** ASSIGNMENT **
Leave out the pictures and output exactly the lines below from the one with "2020 Toyota Rav4 Hybrid Wallpaper" down to the one with "de los neumáticos?", both of them included.

** INPUT DATA **
━━━━━━━━━━

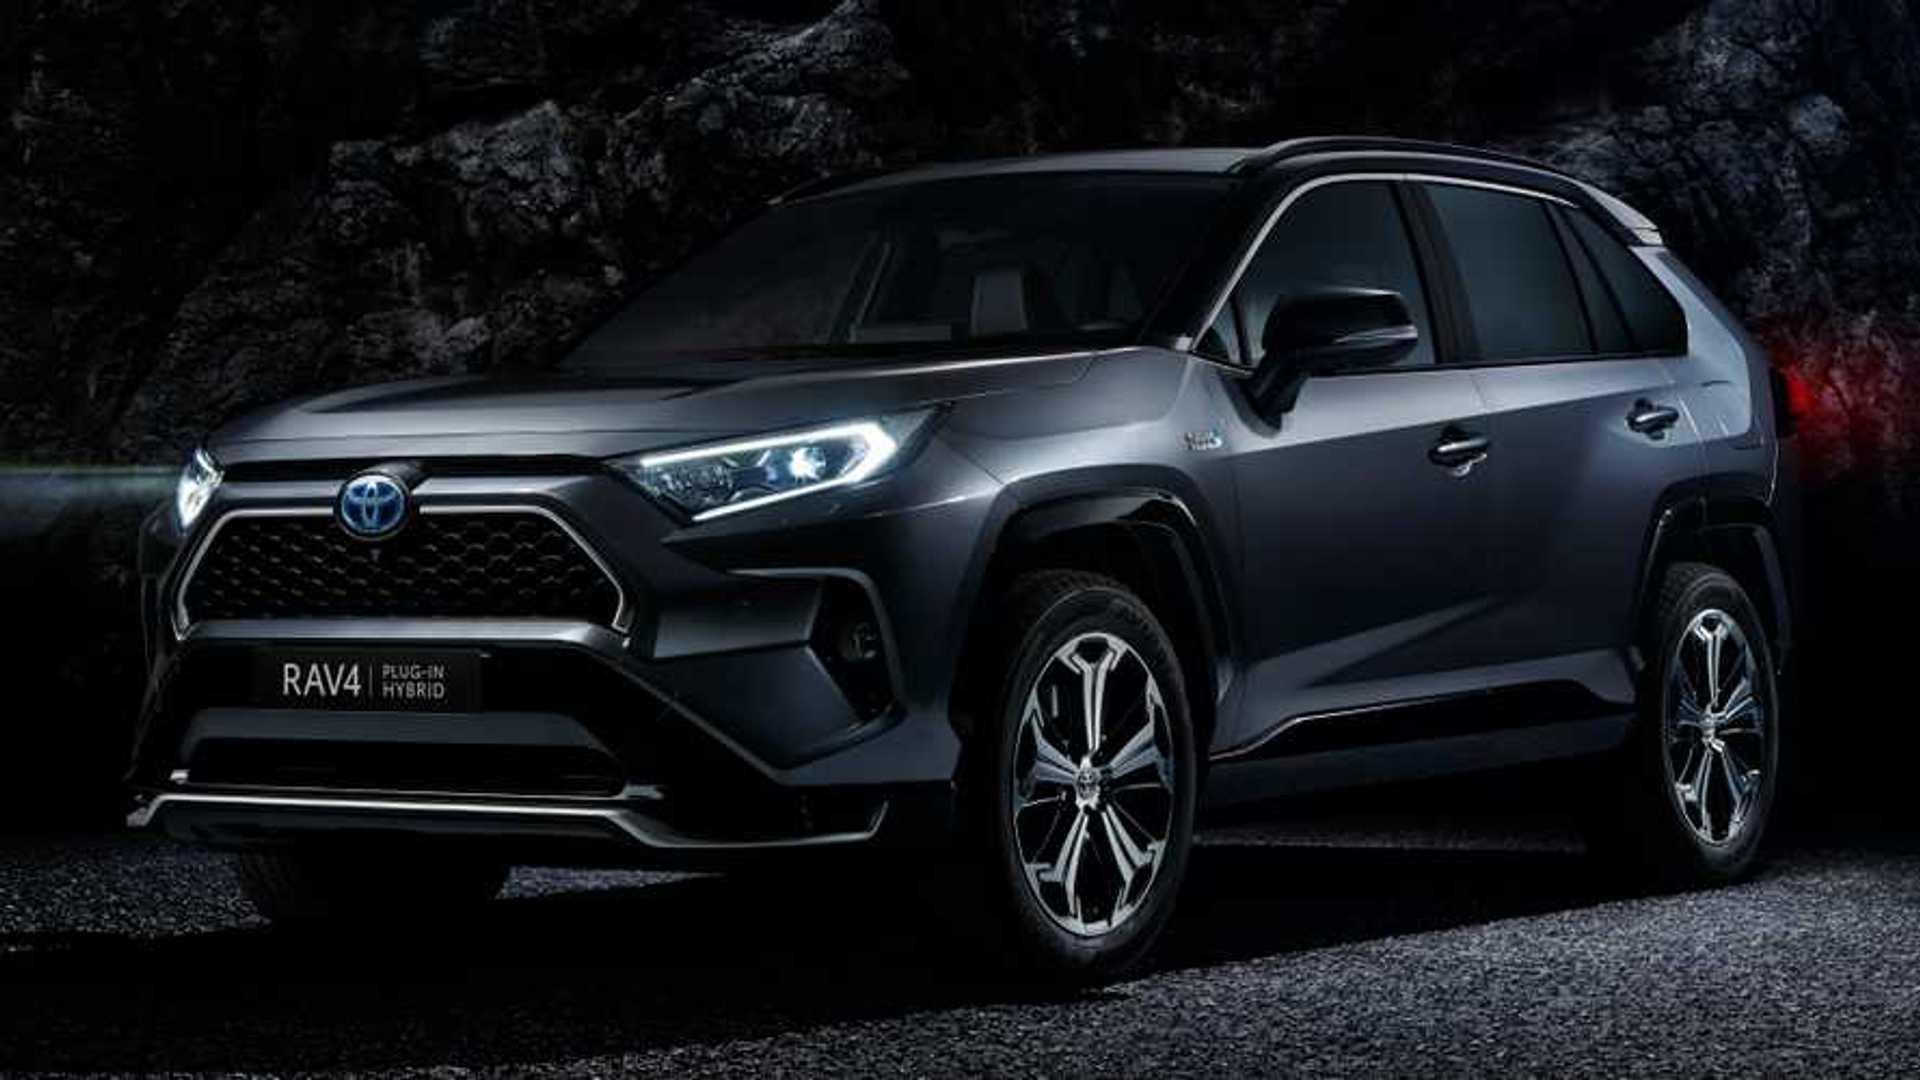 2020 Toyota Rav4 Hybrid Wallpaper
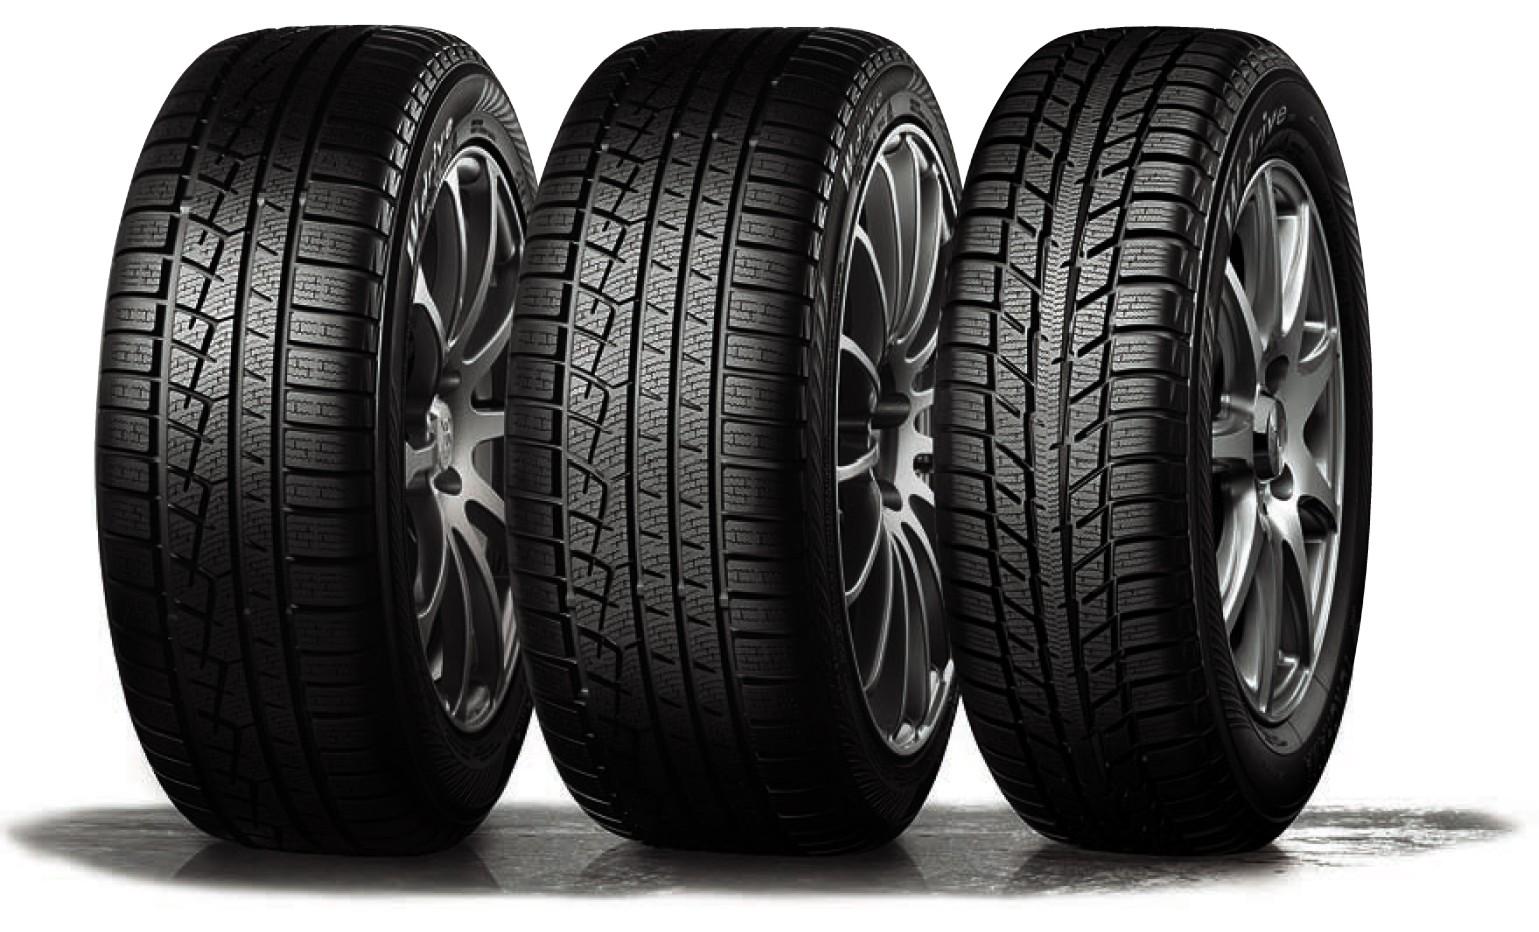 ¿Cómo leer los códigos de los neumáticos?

━━━━━━━━━━

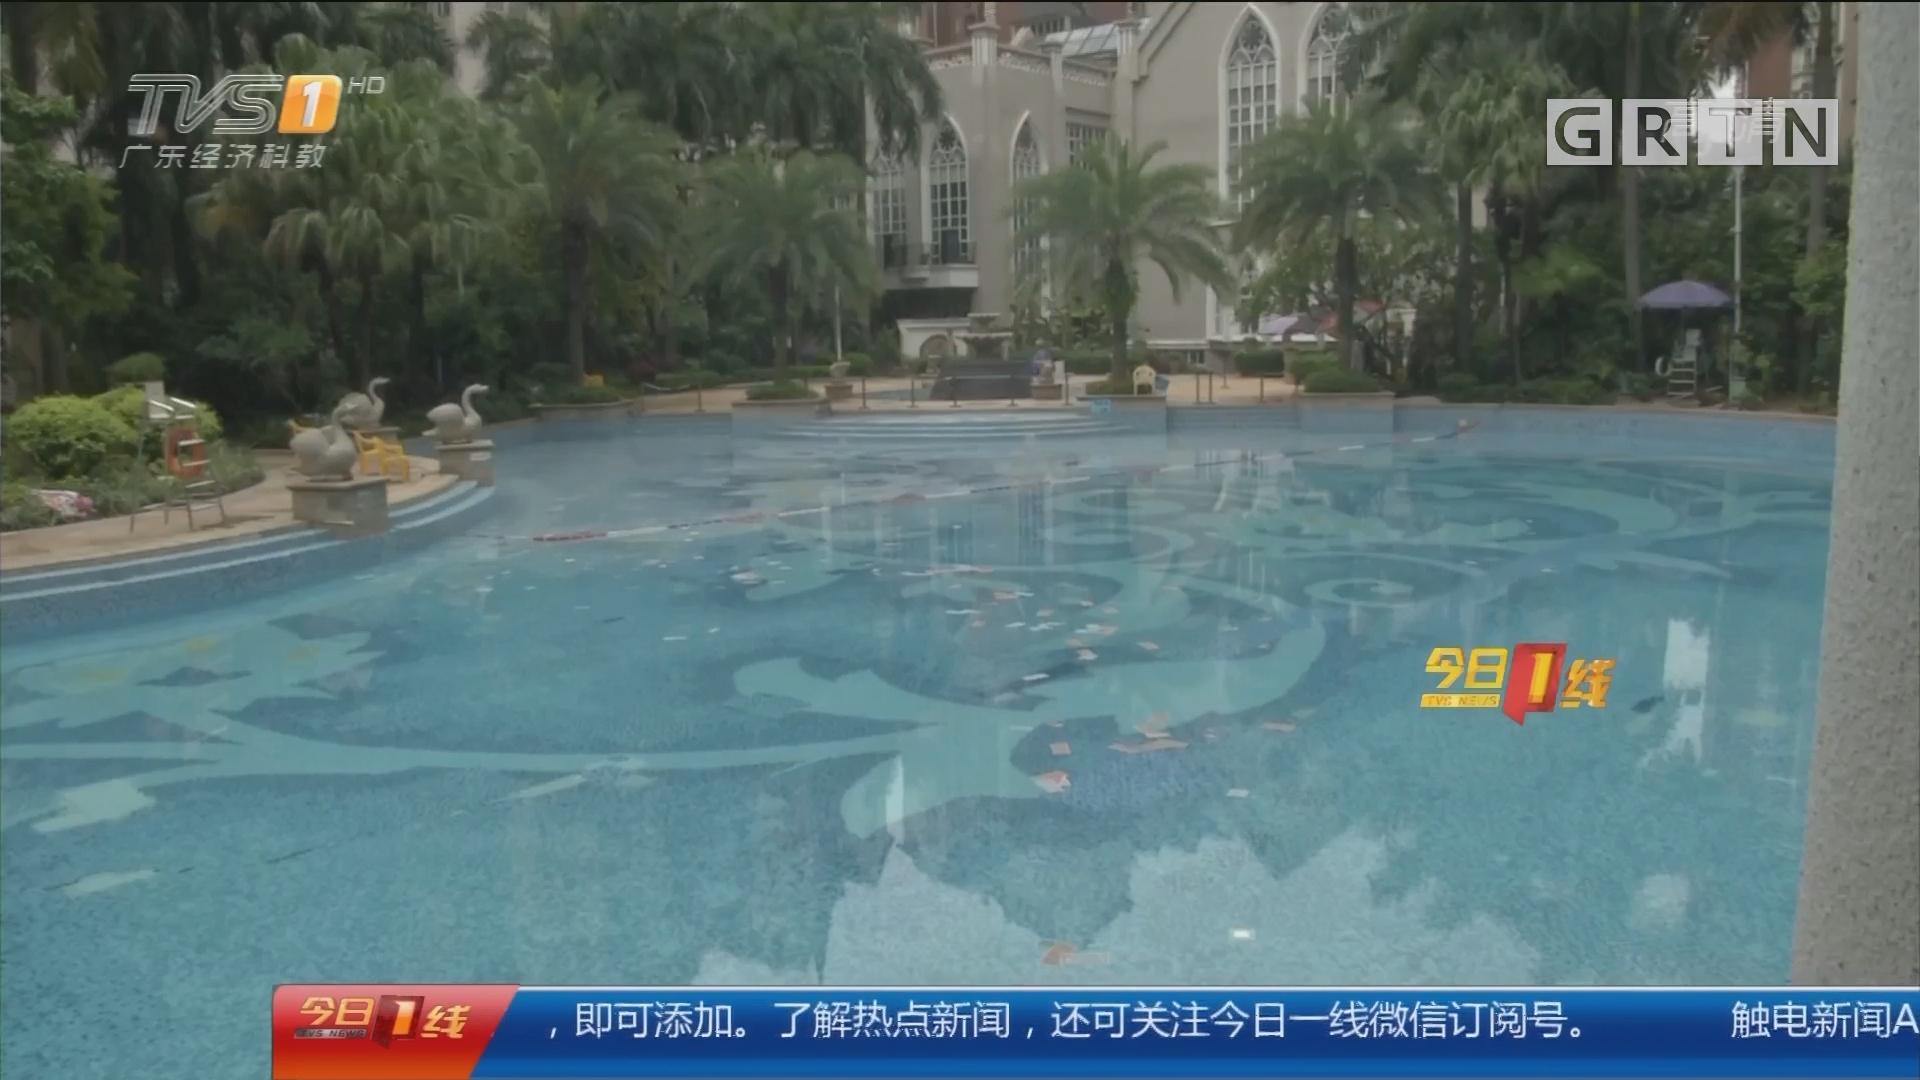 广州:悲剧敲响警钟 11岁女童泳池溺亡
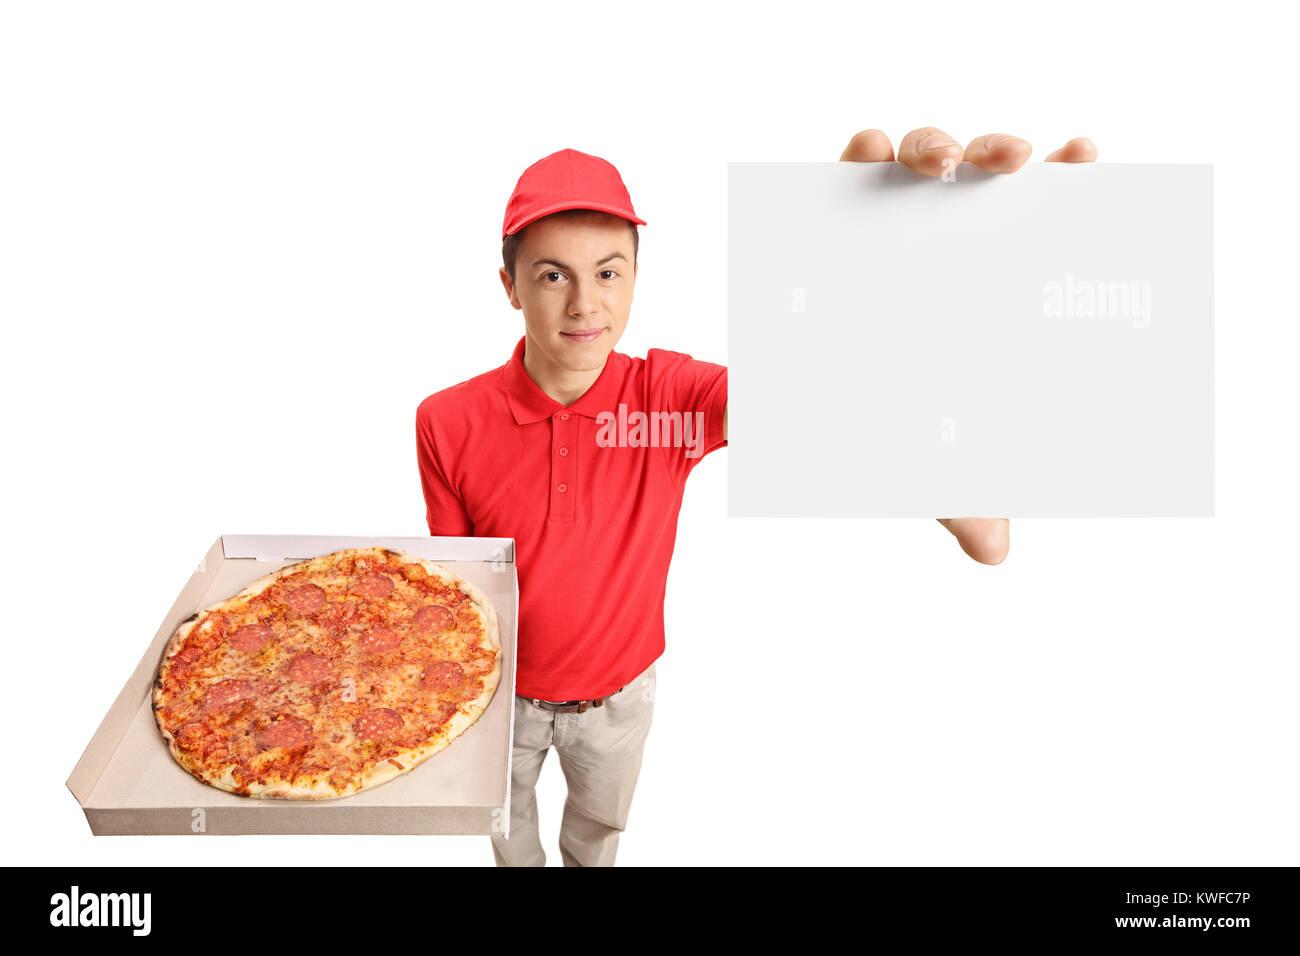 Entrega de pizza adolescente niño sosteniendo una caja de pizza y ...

━━━━━━━━━━

** RESPONSE TO THIS TASK **
 2020 Toyota Rav4 Hybrid Wallpaper
 ¿Cómo leer los códigos de los neumáticos?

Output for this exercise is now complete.